Trend Micro analysts rate DDoS attacks and electronic jamming as some of the highest cybersecurity risks for connected cars.
A new Trend Micro report analyzes a day in the travels of a connected car to identify the most likely successful cyberattacks. “Cybersecurity for Connected Cars: Exploring Risks in 5G, Cloud, and Other Connected Technologies” puts the overall risk to a moderate level. Analysts found 29 potential cybersecurity attack vectors among the millions of endpoints in a connected car’s ecosystem, ranking five as the highest risk.
Connected cars use satellite, cellular, Wi-Fi, Bluetooth, RDS, eSIM-based telematics and other types of connectivity to send and receive data; This data supports user apps, driving apps, autonomous driving, safety features and other activities. The authors point out that all these network-centric applications create new attack surfaces in connected vehicles. Another element of the general security challenge is the interactions of a connected car with other vehicles, cloud services, and road infrastructure.
SEE: Identity theft protection policy (TechRepublic Premium)
According to the authors, malware is currently not the most likely problem for connected cars, but millions of endpoints in the ecosystem create a large and unpredictable attack surface. For example, a typical remodel car runs over 100 million lines of code. Also, basic vehicles have at least 30 electronic control units (ECUs), while luxury vehicles have up to 100 ECUs. Some of these ECUs can be accessed remotely and as explained in the report:
“All ECUs are interconnected through a maze of various digital buses … They operate at different speeds, move different types of data, and connect different parts of the vehicle. ECUs control many critical functions in a car, including the powertrain. , device and system communication body control, power management, chassis and vehicle safety. “
Trend Micro threat research manager Rainer Vosseler said current best practices in cybersecurity also apply to connected tools such as code signing, device control, firewall, encryption or threat intelligence.

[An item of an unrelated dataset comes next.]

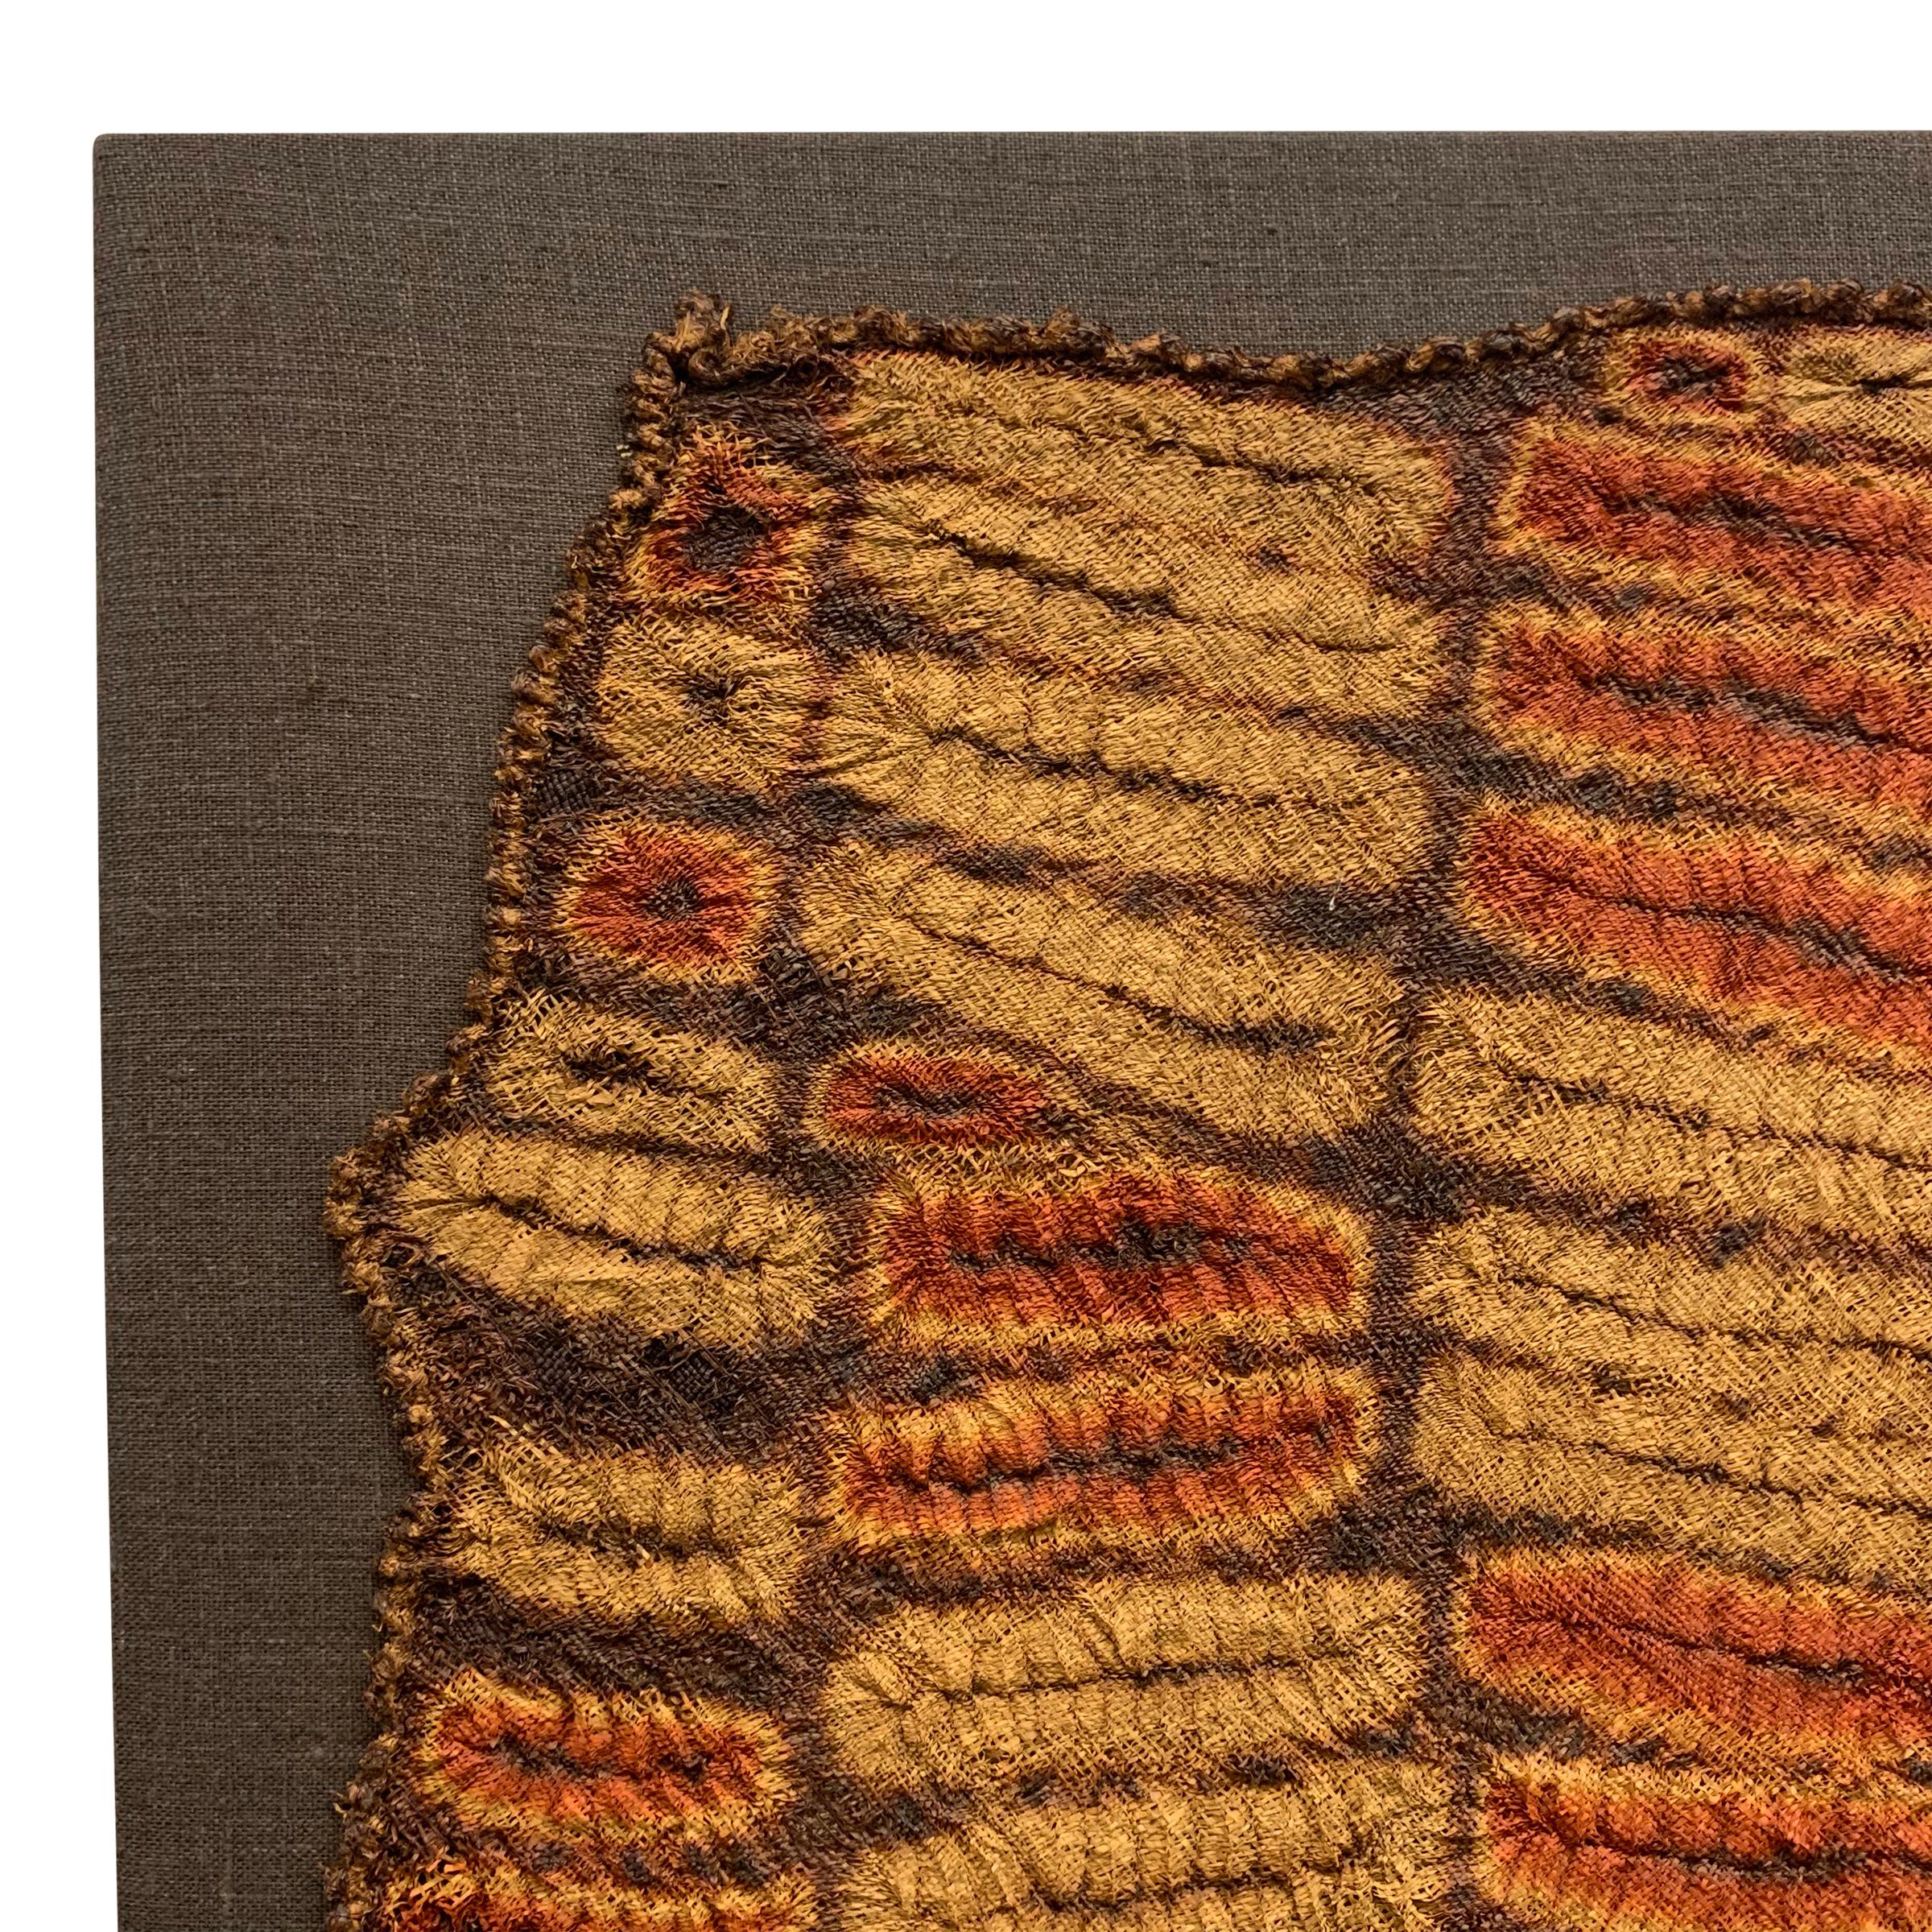 Incroyable et rare foulard de cérémonie en raphia teinté dans la masse, de style Dida (Côte d'Ivoire), datant du milieu du 20e siècle, monté sur un cadre tendu en lin. Ce mouchoir n'a pas été tissé sur un métier à tisser, mais entièrement à la main,

SEE: The Future of 5G: Insights, rollouts, use cases and more (free PDF) (TechRepublic)
Vosseler also said that automakers and other industry groups are working together through the Automated Information Sharing and Analysis Center to share and analyze information about emerging cybersecurity risks.
Sorting and evaluating cyber security threats in connected vehicles
Analysts applied DREAD threat modeling to connected cars and their ecosystem to identify the most serious and potential security threats.

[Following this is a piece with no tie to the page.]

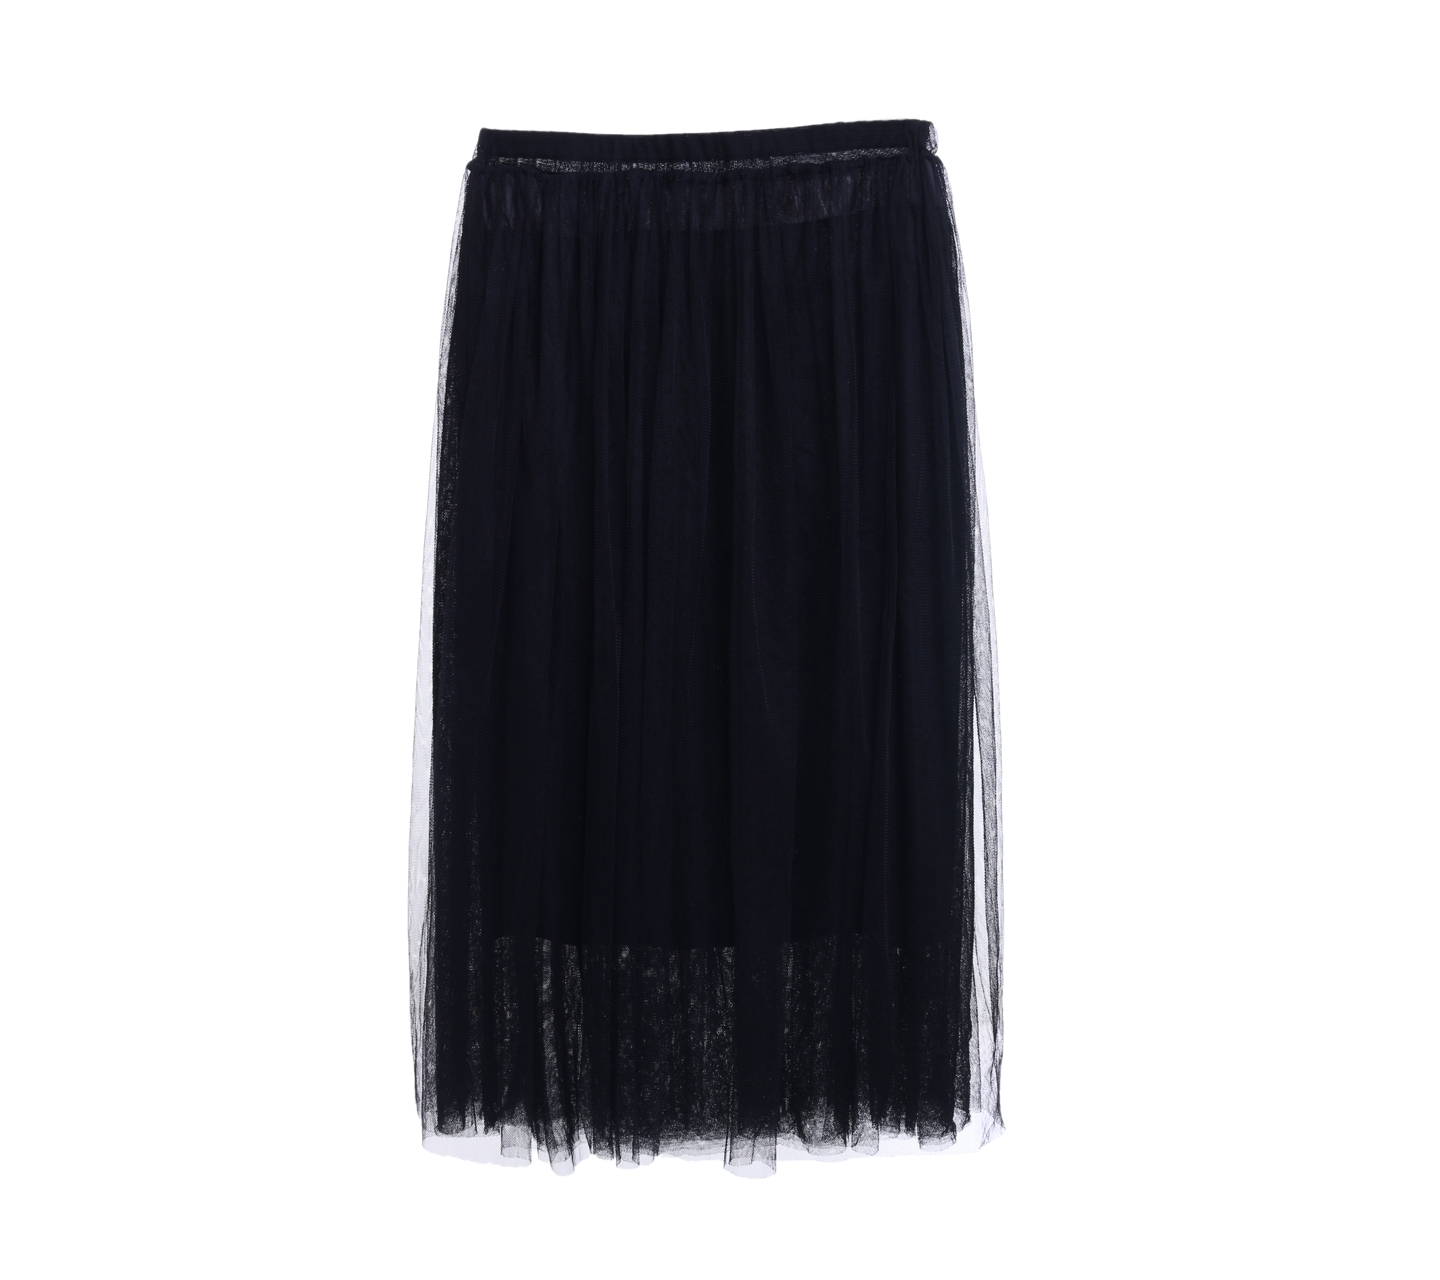 J.REP Black Tulle Midi Skirt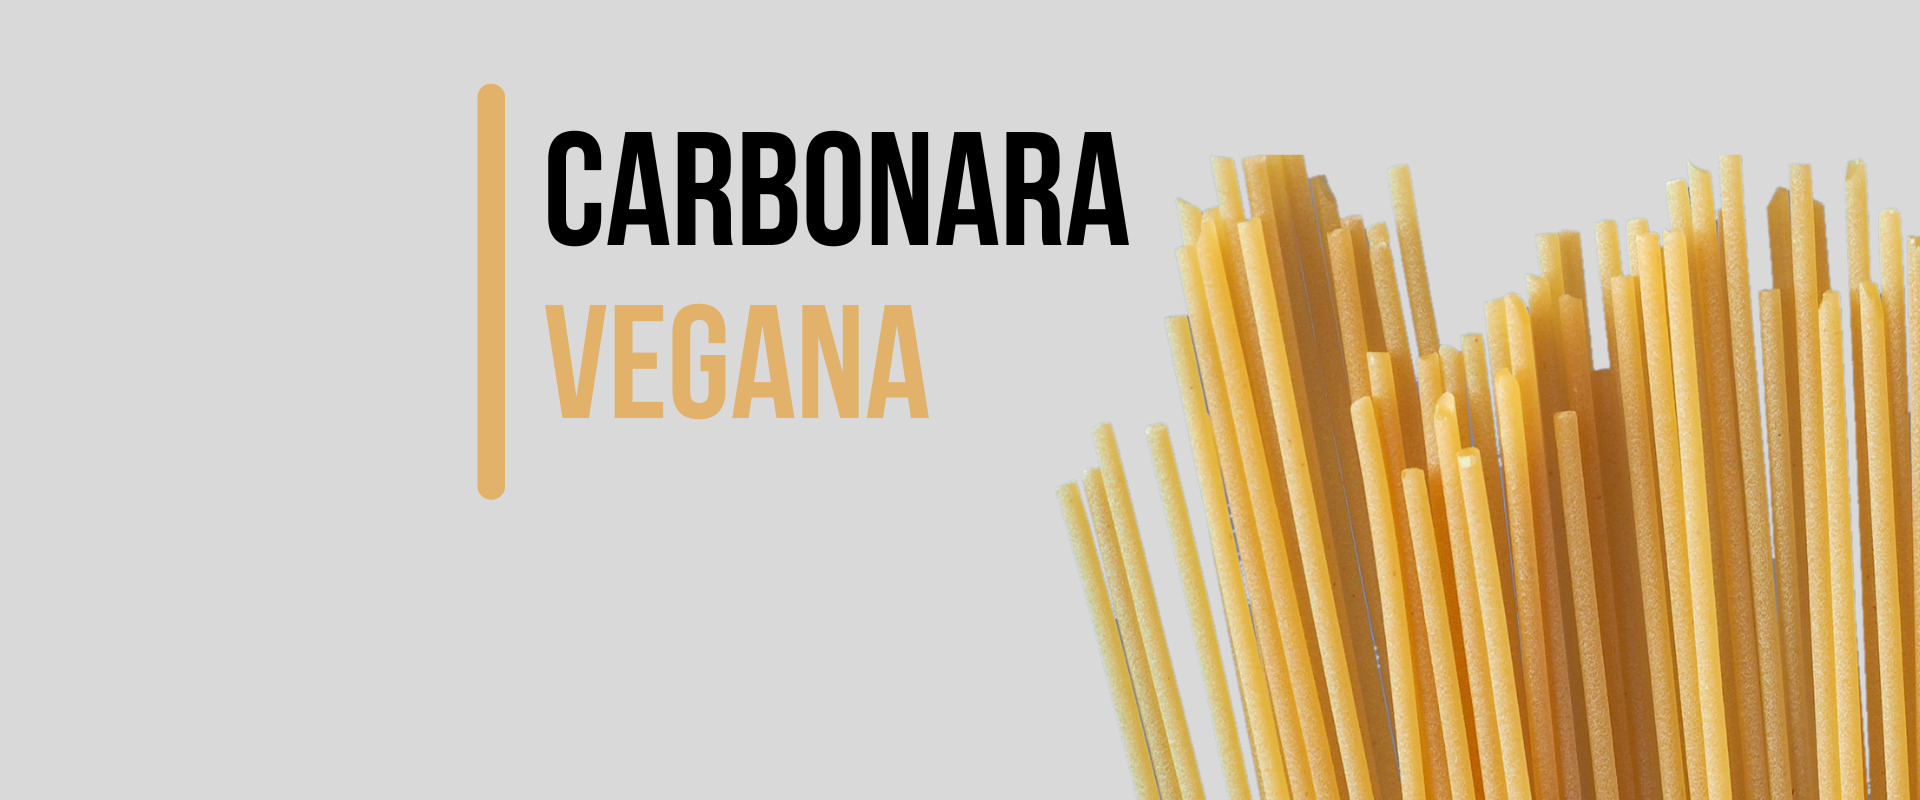 Carbonara vegana

The DREAD threat model includes the following questions to support a qualitative risk analysis:
- Damage potential: How big is the damage to assets?
- Reproducibility: How easy is it to reproduce the attack?
- Availability: How easy is it to launch an attack?
- Affected users: As a rough percentage, how many users are affected?
- Discoverability: How easy is it to find a usable weakness?
Each risk is rated high, medium or low, with a score of 3, 2, or 1, respectively. Risk ratings for a specific threat are calculated by adding values for an overall score. The overall risk is graded as follows:
- High if the score is between 12 and 15.
- Medium if the score is between 8 and 11.
- Low if the score is between 5 and 7.
Analysts identified 29 linked car attack vectors and graded each – five high-risk attack vectors, 19 medium-risk attack vectors, and five low-risk attack vectors. High-risk attack vectors were:
- Electronically disrupting the security systems of a connected car such as radar and lidar.
- Electronically disrupting wireless transmissions to disrupt transactions.
- Discovering and exploiting vulnerable remote systems using Shodan, a search engine for internet-connected devices.
- Launching distributed denial-of-service attacks (DDoS) using a compromised intelligent transportation systems (ITS) infrastructure.
- Launch DDoS attacks against an ITS infrastructure so it cannot respond to requests.
The authors said that high-risk attacks only “require a limited understanding of the inner workings of a connected car and can be attracted by a low-skilled attacker.”
The authors of the report rated high-profile attacks such as installing malicious firmware from the air, taking control of vehicles remotely, and sending false commands to the ITS backend as medium or low risk. These attacks are difficult to execute because “devices and systems are not easily accessible for attack, and expert skills and knowledge are required to successfully compromise connected vehicle platforms.”
The authors note that these threat assessments will change “when third-party vendors are offered middleware that hides the internal E / E tool architecture to provide software as a service,” making it easier for attackers to make new enhancements. tactics, techniques and procedures (TTPs). Also, as monetization methods for these attacks evolve, this will change the threat landscape. Analysts see ransom, data theft, information warfare, system games and theft, and revenge and terrorism as the most likely models of profiteering for attacks on the connected vehicle ecosystem.
The authors of the report examined four remote vehicle hacking case studies to understand the types of cybersecurity attacks for connected cars: Jeep Hack 2015, Tesla Hack 2016 and 2017, and BMW Hack 2018.Based on this analysis, the authors found all four attacks and wireless attacks as the main attack vector. sees. Attackers compromise connected cards by sending malicious control area network (CAN) messages to an ECU.